Audrae Eugenie Visser (June 3, 1919 – October 8, 2001) was an American poet and educator. She was Poet Laureate of South Dakota between 1974 and her death in 2001.

==Life==
Audrae Visser was born on June 3, 1919, to Harry and Addie Mae Visser on the family farm near Hurley, South Dakota. The family moved to Elkton when Visser was 12. She graduated from Flandreau High School in Flandreau, South Dakota, in 1938. She subsequently attended the Black Hills Teachers College, University of Denver, and South Dakota State University. In 1939, she began teaching at various schools in Moody County, and after 1943 taught at several schools across South Dakota and Minnesota. Between 1954 and 1955, she taught the children of U.S. Air Force personnel stationed in Nagoya, Japan.

Visser began writing poetry at the age of 12. Her first published work was a poem featured in Pasque Petals, the magazine of the South Dakota State Poetry Society, in 1941. Her first book of poetry, Rustic Roads, was published in 1961. Her other published works include Grass Roots Poetry in 1991 and Prairie Poetry in 1998.

Visser was named Poet Laureate of South Dakota in 1974 by Governor Richard Kneip. During that time, she also served as associate editor and editor of Pasque Petals. In 1990, she was awarded the title of Woman of Achievement in Literature from the General Federation of Women's Clubs in South Dakota.

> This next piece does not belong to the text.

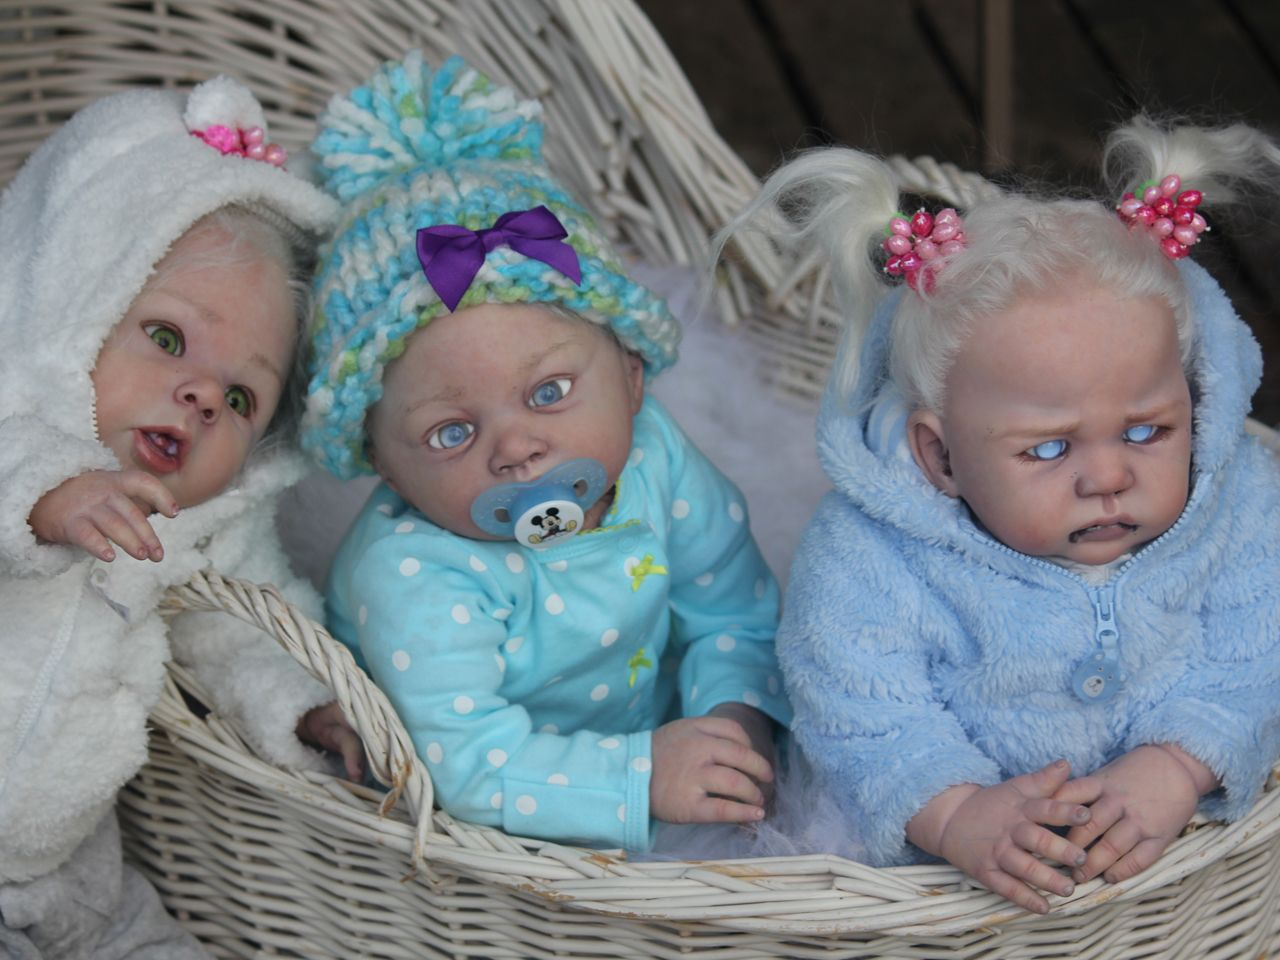 Look at those cute widdle fangs! Vampire, zombie 'reborn' dolls ...
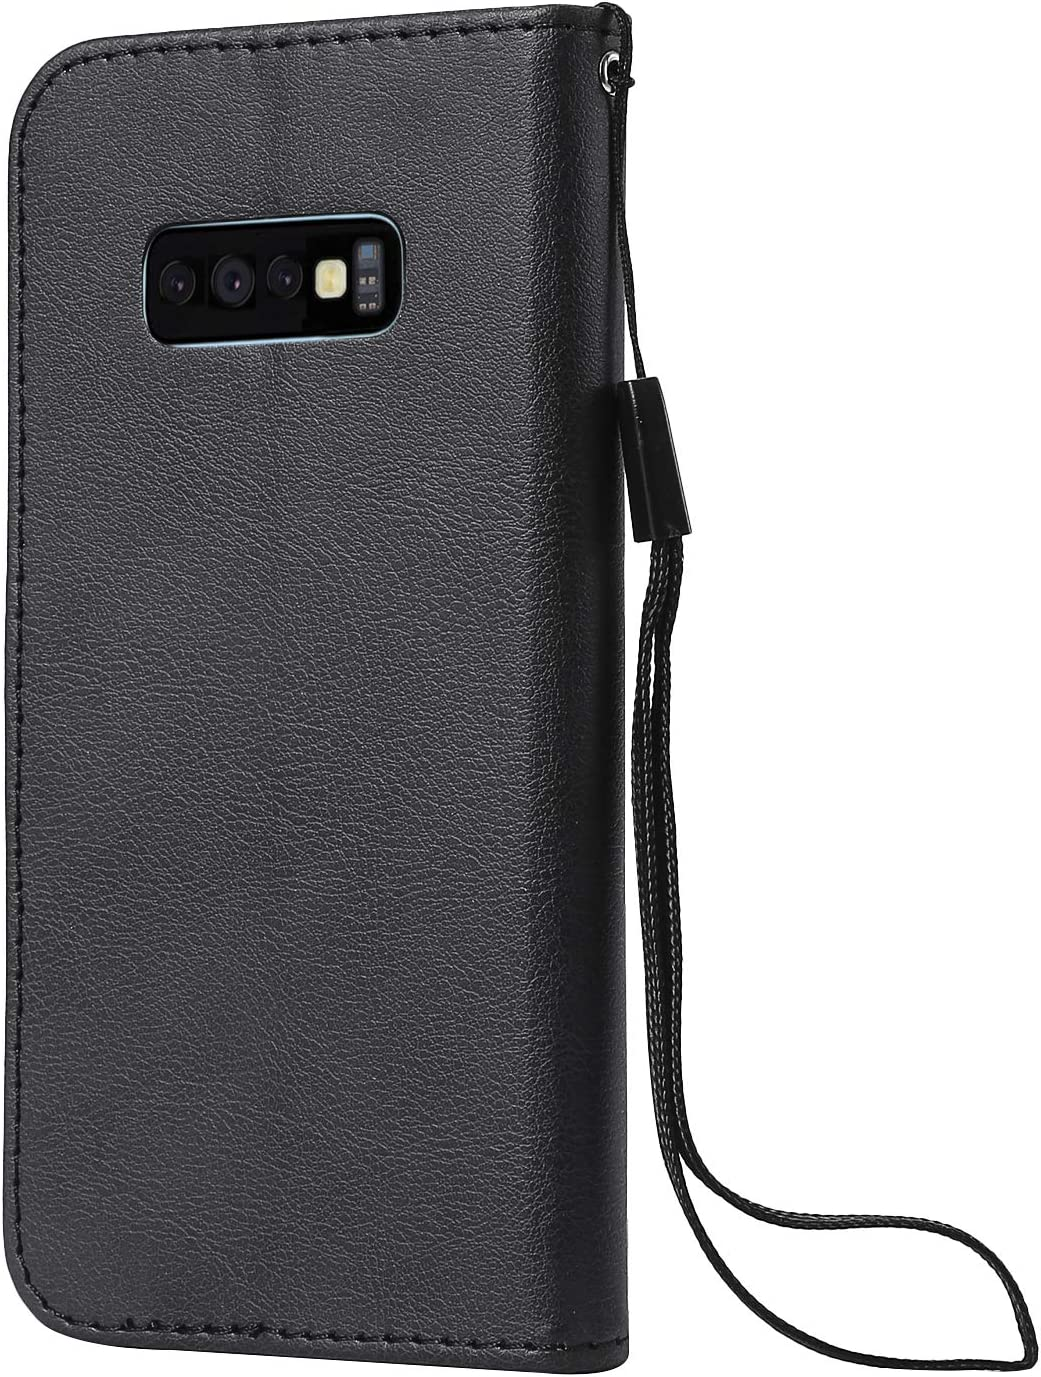 NEXCURIO Galaxy S10e Wallet Case with Card Holder Folding Kickstand Leather Case Flip Cover for Samsung Galaxy S10e NEKTU20887 Black

Visser died on October 8, 2001, in Mabank, Texas.

==Works==
- Visser, Audrae (1961). "Rustic Roads and Other Poems"
- Visser, Audrae (1974). "Poems for Brother Donald"
- Visser, Audrae (1980). "South Dakota"
- Visser, Audrae (1981). "Honyocker Stories"
- Visser, Audrae (1986). "Country Cousin"
- Visser, Audrae (1991). "Grass Roots Poetry"
- Visser, Audrae (1998). "Prairie Poetry"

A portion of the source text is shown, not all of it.